Une piste de ski artificiel sur un terril à Loisinord
Notice
Reportage sur la station de ski artificielle construite sur un ancien site minier à Noeux-les-Mines dans le Pas-de-Calais. Elle a une vocation sociale et permet de faire du ski à moindre frais tout en restant dans le Bassin minier. Jacques Villedary, maire et fondateur du site Loisinord, présente ce nouvel équipement. Dans l'avenir, il a comme projet d'amener de la neige en couvrant la piste.
Éclairage
L'implantation sur l'un des terrils de Noeux-les-Mines d'une piste de ski artificielle, intégrée dans un grand centre de loisirs sportif baptisé Loisinord, témoigne, sous une forme singulière, des dynamiques de réaménagement que connaît l'ex-Bassin minier à compter des années 1980. Jouent d'abord ici les projets de Jacques Villedary, maire socialiste de la ville à partir de 1983. Comme beaucoup de ses pareils, ce dernier arrive aux responsabilités dans un contexte marqué par la récession minière, à laquelle vient s'ajouter dans les années 1980 les effets de la crise économique. Sans doute la situation de Noeux-les-Mines comporte-t-elle certaines spécificités : les puits y ont été fermés de manière relativement précoce (1968 pour le dernier) et par ailleurs la ville est longtemps le siège d'une enseigne-phare de la grande distribution : Leroy-Merlin. La municipalité ne s'en trouve pas moins confrontée à des défis économiques et sociaux majeurs, et manifeste, par la voix de son maire, l'ambition d'opérer la sortie de la ville de sa période minière. Jacques Villedary se montre soucieux de préserver la mémoire et le patrimoine de cette période : c'est lui par exemple qui appuie la création d'un musée de la mine, inauguré en 1986. En même temps, il ne veut pas se limiter à la conservation patrimoniale et cherche à mener à bien la reconversion des anciens sites et friches industrielles minières. Ses projets sont portés par un contexte favorable. Nombre de collectivités locales se réapproprient alors notamment les terrils, pour les faire servir à de nouvelles fonctions, en particulier dans le domaine des loisirs.
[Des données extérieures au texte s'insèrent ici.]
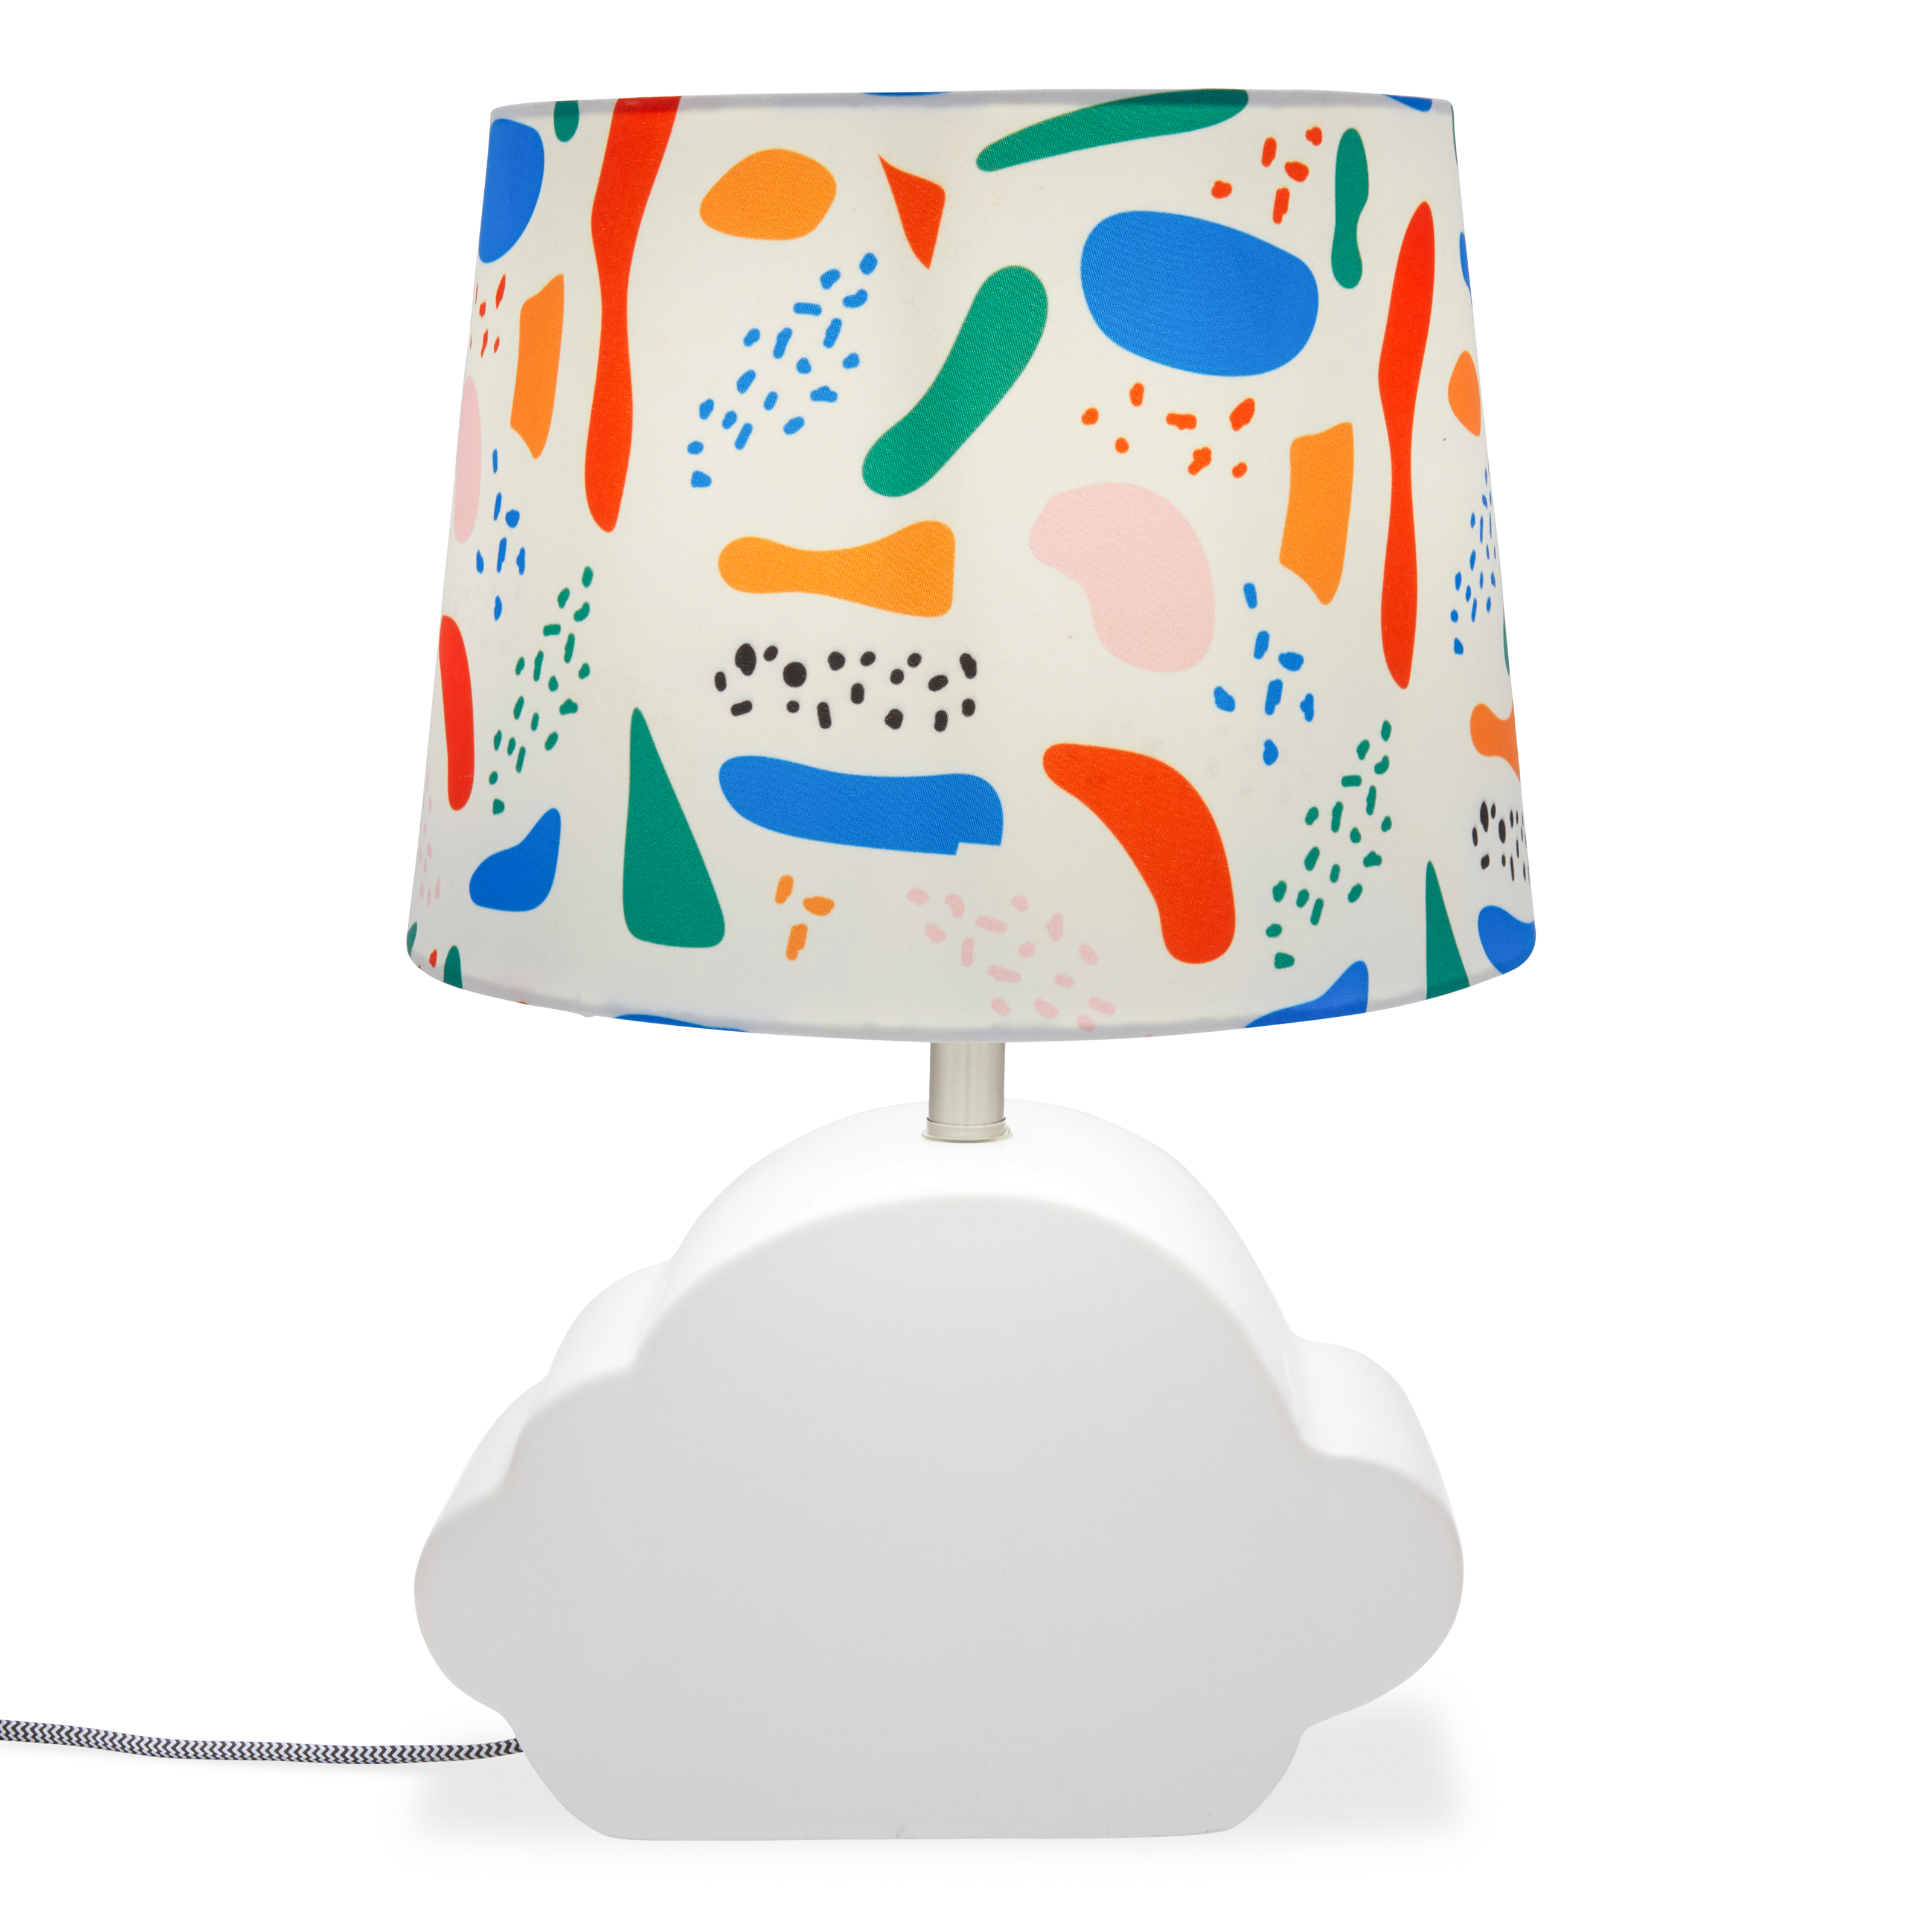 Abstract Shapes Shade with Ceramic Cloud Shaped Base by Drew Barrymore Flower Kids - image 1 of 10

Le plan d'eau de la base de Loisinord est inauguré en 1994 mais le plus original intervient deux ans après, lorsqu'en 1996 s'ouvre la piste de ski. On peut y voir une manière de tirer pleinement les conséquences de l'aspect de montagne artificielle qui est surtout celui des terrils les plus récents. En cherchant plus en amont, on y trouvera peut-être la trace d'une vieille ambition, très présente à gauche (par exemple au moment du Front Populaire) mais aussi dans certaines initiatives sociales des Houillères du Nord-Pas-de-Calais : parvenir enfin à démocratiser l'activité très élitiste que constituent les sports d'hiver. On y décèle enfin très nettement la tentation de changer les couleurs de l'image de la ville, du noir associé au charbon, au vert de la piste synthétique, au blanc associé au ski et au bleu du plan d'eau. L'initiative a en tous les cas connu du succès et s'est imposé dans la durée. La base de Loisinord est devenue un complexe couvrant des activités plurielles : sports nautiques et sports de glisse, mais aussi un centre d'animation et d'hébergement ainsi qu'un circuit automobile et de nombreuses enseignes commerciales. La reconversion d'une région traditionnellement marquée par le travail industriel vers les loisirs ne va cependant pas sans difficultés. Elle ne compense pas le départ d'autres activités (le siège de Leroy-Merlin a quitté durant la dernière décennie Noeux-les-Mines, laissant une nouvelle friche à gérer). Elle est marquée par la fluctuation de la fréquentation, la difficulté parfois à supporter dans la durée le poids de ces grands équipements et enfin la concurrence susceptible d'exister entre eux. Beaucoup d'élus comptent aujourd'hui sur l'ouverture du Louvre-Lens, en décembre 2012, pour donner une nouvelle dynamique à cet ensemble.